Another person sees it. A police car comes by shortly after, the driver sees the broken window, asks
the man who has seen the offence committed which way the offenders went and he replies that they
went up the street when in fact they went down. That evidence is clearly enough for a jury to convict
the bystander of an offence under the section. Anyone who sees a smash-and-grab raid being
committed must know that a theft has been committed, and he has seen the person or persons who
did it. He sends the police in the wrong direction, so giving the offenders more time to escape. It
would then be for the jury to consider whether they are sure that he sent the police the wrong way to
make it more difficult for them to catch the thieves and whether there could be any lawful authority or
reasonable excuse for his act. It is frivolous to suggest that in such circumstances the bystander must
know the identity of the thieves before he could be convicted. Finally, it is said that the learned judge
should have directed the jury to consider whether the applicants may have had some other intent than
that of impeding arrest or prosecution.
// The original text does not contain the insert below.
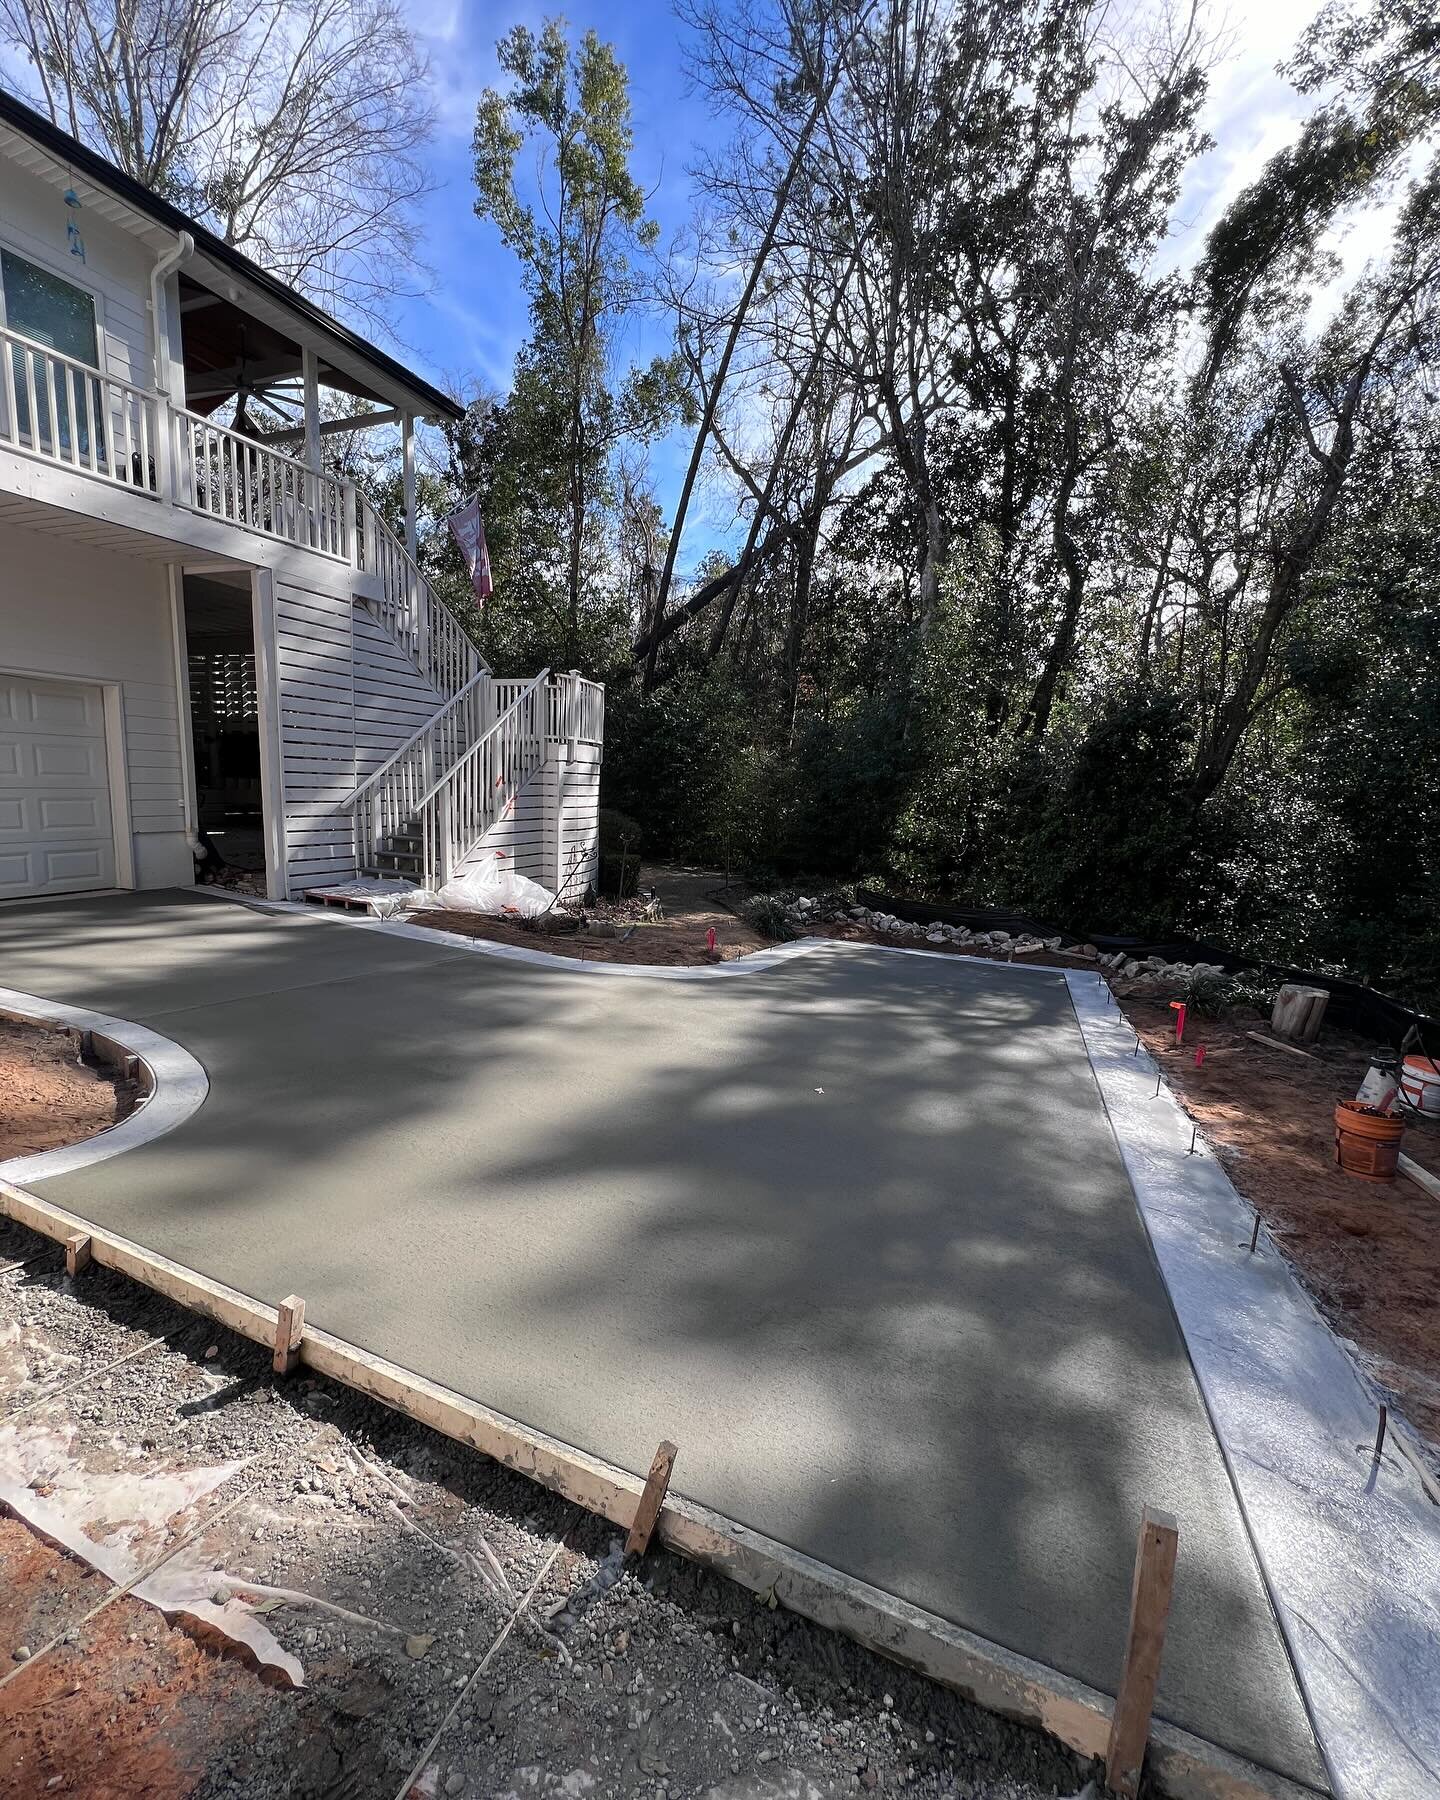 First placement down on this driveway. Long ways to go! This driveway will be a master piece! Tomorrow is a big day for us. We have two large driveways we are placing. Continuance on this one and our first placement on another in Orange Beach with Ju

In the judgment of this Court, the judge was under no duty to
do so. His duty was to direct the jury as to the intent which had to be proved and that they had to be
sure it had been proved, unless some other intent was suggested by the defendant. None was
suggested here and there was a proper direction as to what the prosecution had to prove. For these
reasons the applications are refused.
Applications refused.
Solicitor: The Solicitor, Metropolitan Police, for the Crown.
On the previous day the Court had reduced the sentence of the applicant Long to such term as would
enable him to be released forthwith.